Думали, кончится. А она выкарабкалась, просунула голову, ухмыляется старушечьим лицом.

Думали, что конец, что совсем ступили твердой пятой на остатки старой Москвы. А она еще дышит и перекликается. Сначала тихо, потом смелей и громче, кривыми переулками и тупиками. Собачьими площадками, замоскворецкими, кузнецкими домами.

— Ау!

— Ау, аушеньки!

— Живы?

— Да словно что и живы...

— Перешибло малость дух, да ничего, очухаемся.

В больших особняках, у тузов и фабрикантов, давно стрекочут советские машинки. Но в стороне, где потише и поглуше, там сидят и румянятся у самоваров старые Кит Китычи. Уже выглядывают из окошек, ходят в гости, живут и надеются.

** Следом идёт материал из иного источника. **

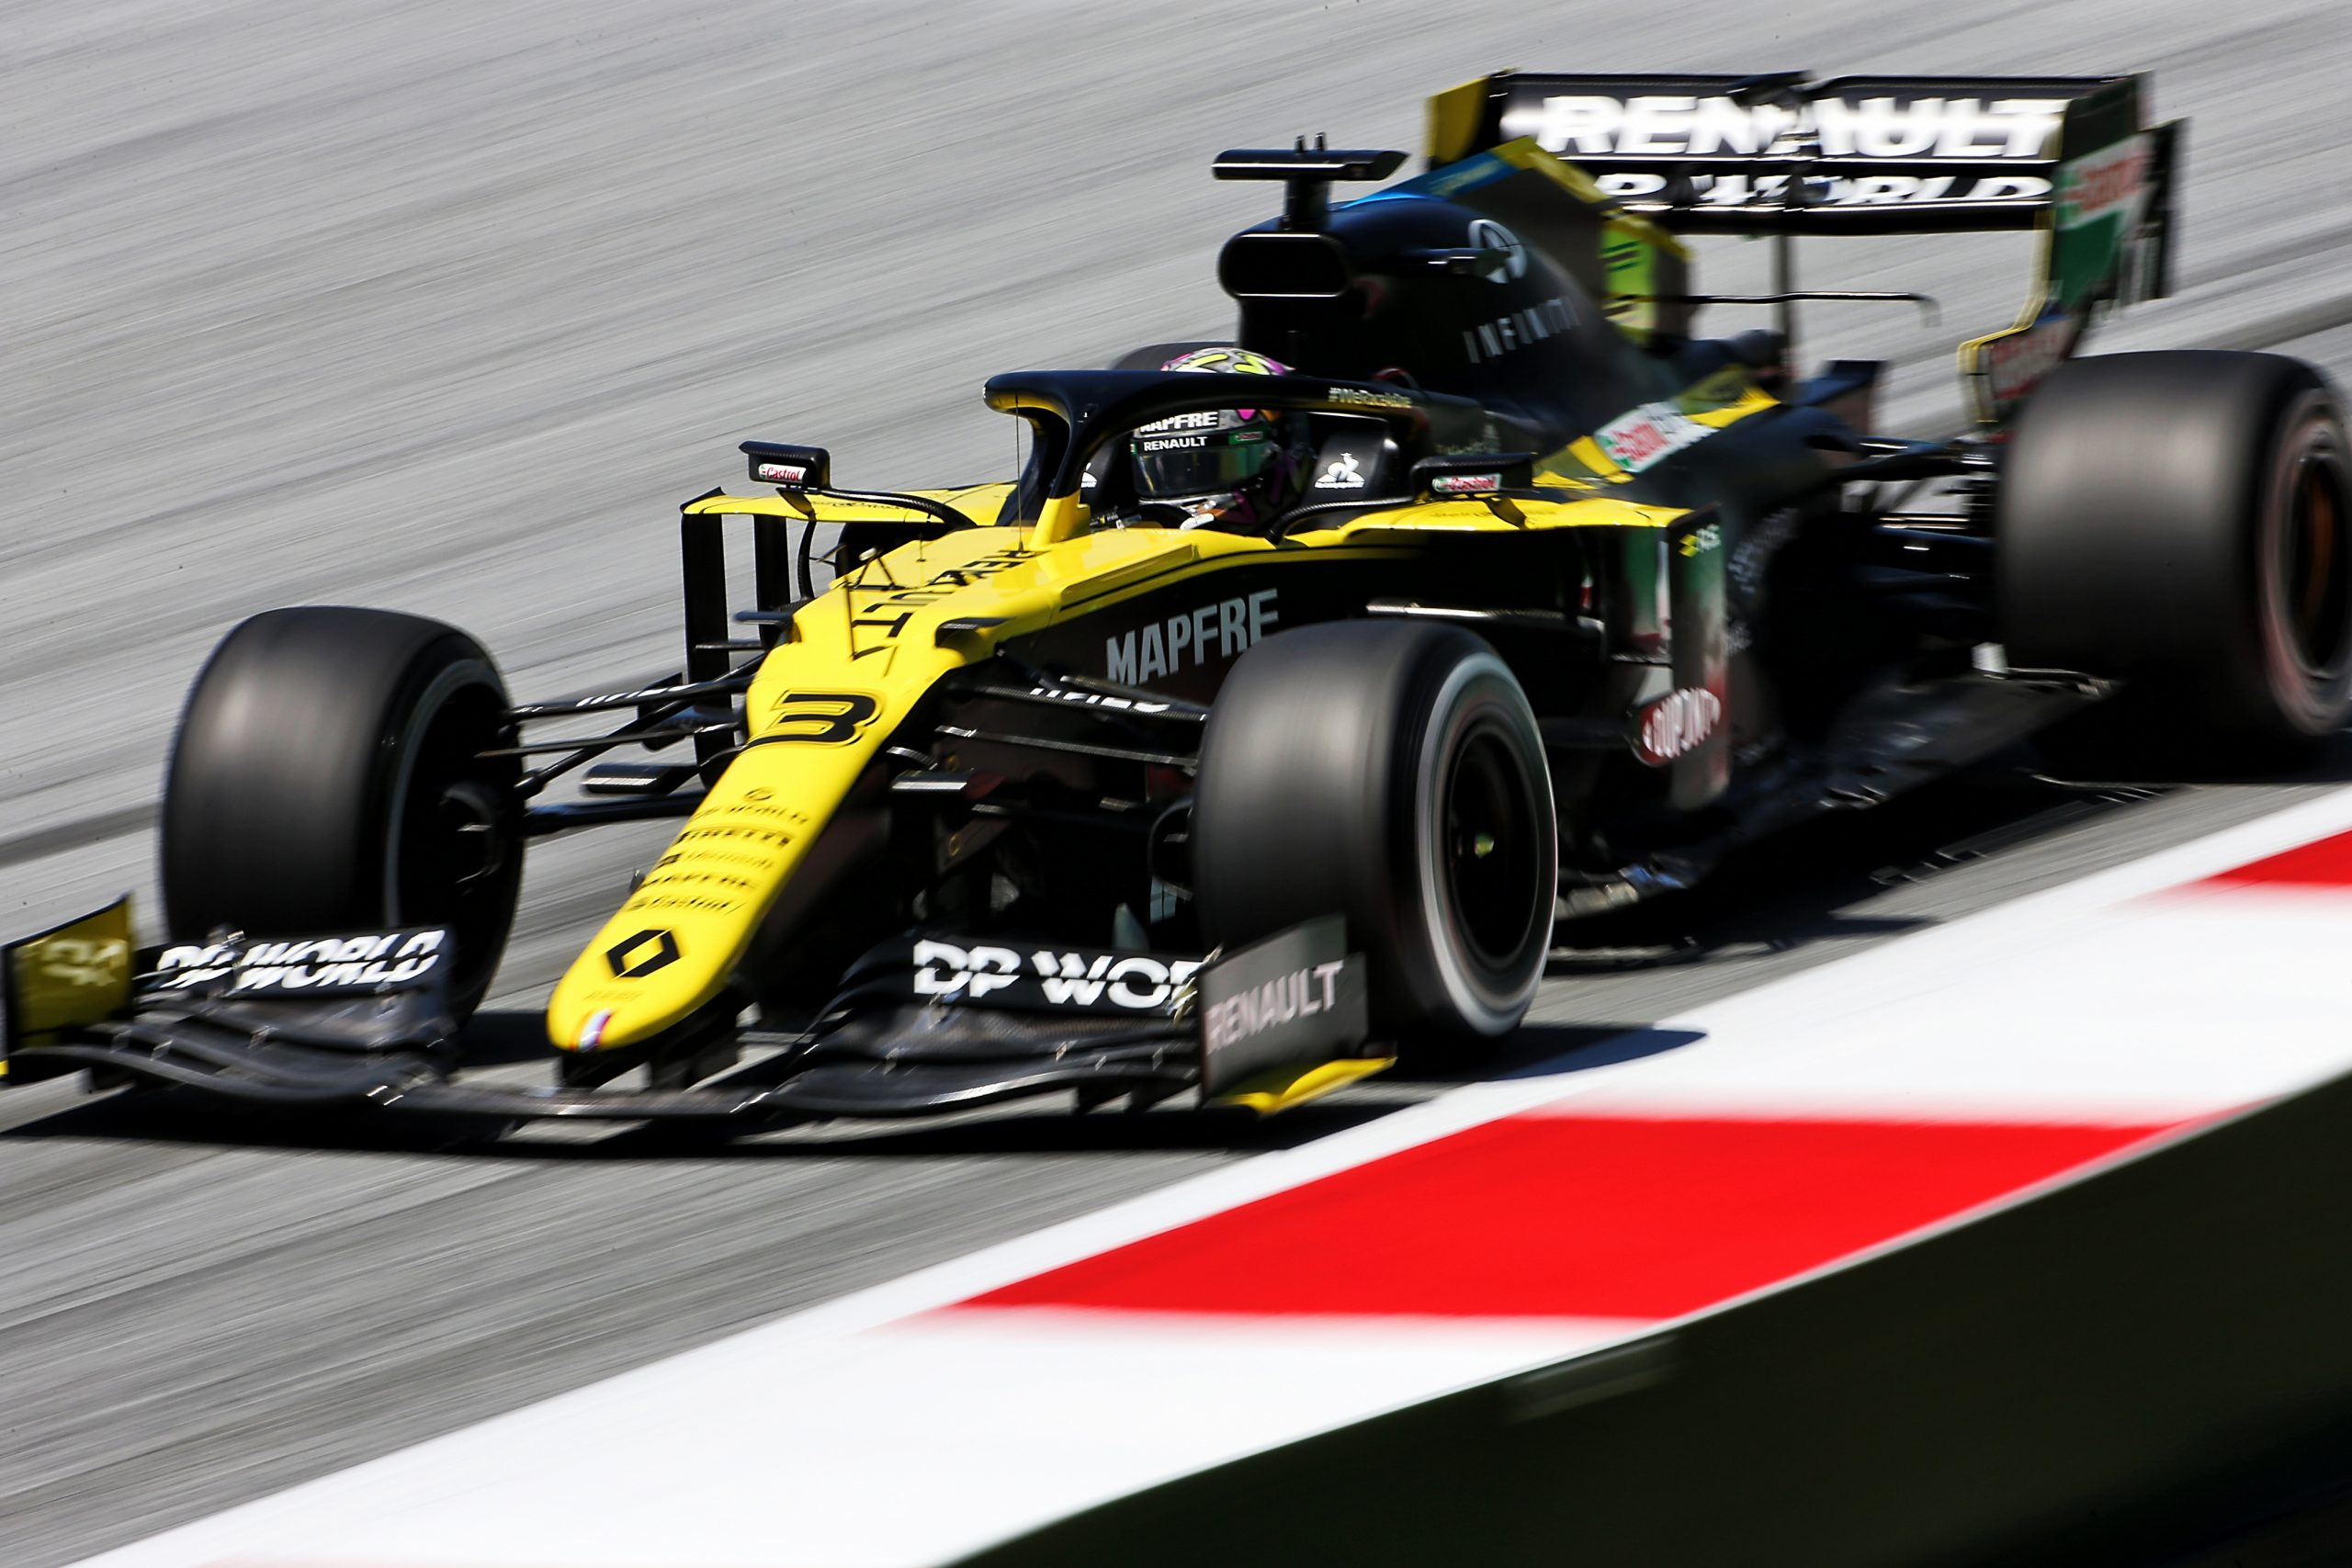 Officiel : Renault dépose une réclamation contre Racing Point 1

Первый и второй страх от большевиков проходит. Если всмотреться — люди как люди. Маета, конечно, с ними. Оголтелый народ — что говорить, углубляют. Но все же обернуться можно. Не так страшны черти, как малюют себя на плакатах.

— Вы как, капиталом все живете?

— Нет, куда тут... Служить начали, Митенька наш заведует складом в Главодежде. Вера во внешкольный приют определилась. И сам старик наш на советскую службу собирается. Горд был, не хотел путаться, да скушно стало без дела сидеть. Все приятели слу­жат. К тому ведь не скоро эта канитель кончится.

Сначала было страшно высунуть нос, открыть зажмуренные от страха глаза. А теперь, ей-богу, жить можно.

Взглянуть на Москву — конечно, не та. Но все-таки отошла, оттаяла. Если понатужиться — глядишь, подвинуться назад можно будет.

Закрыли Сухаревку — уже не очень страшно. Немножко приспособились, опайковались. Даже занимательно: кому какой паек по рангу полагается. Захар Иванович раньше в ситценабивной мануфактуре владычествовал. Теперь — спец. Совнаркомовский паек, выдачи. Индивидуальная ставка, автомобиль подают. Старик Червяков у него приказчиком служил — и теперь пристроен к хозяину: снабжением заведует при нем, тоже невредно — питается.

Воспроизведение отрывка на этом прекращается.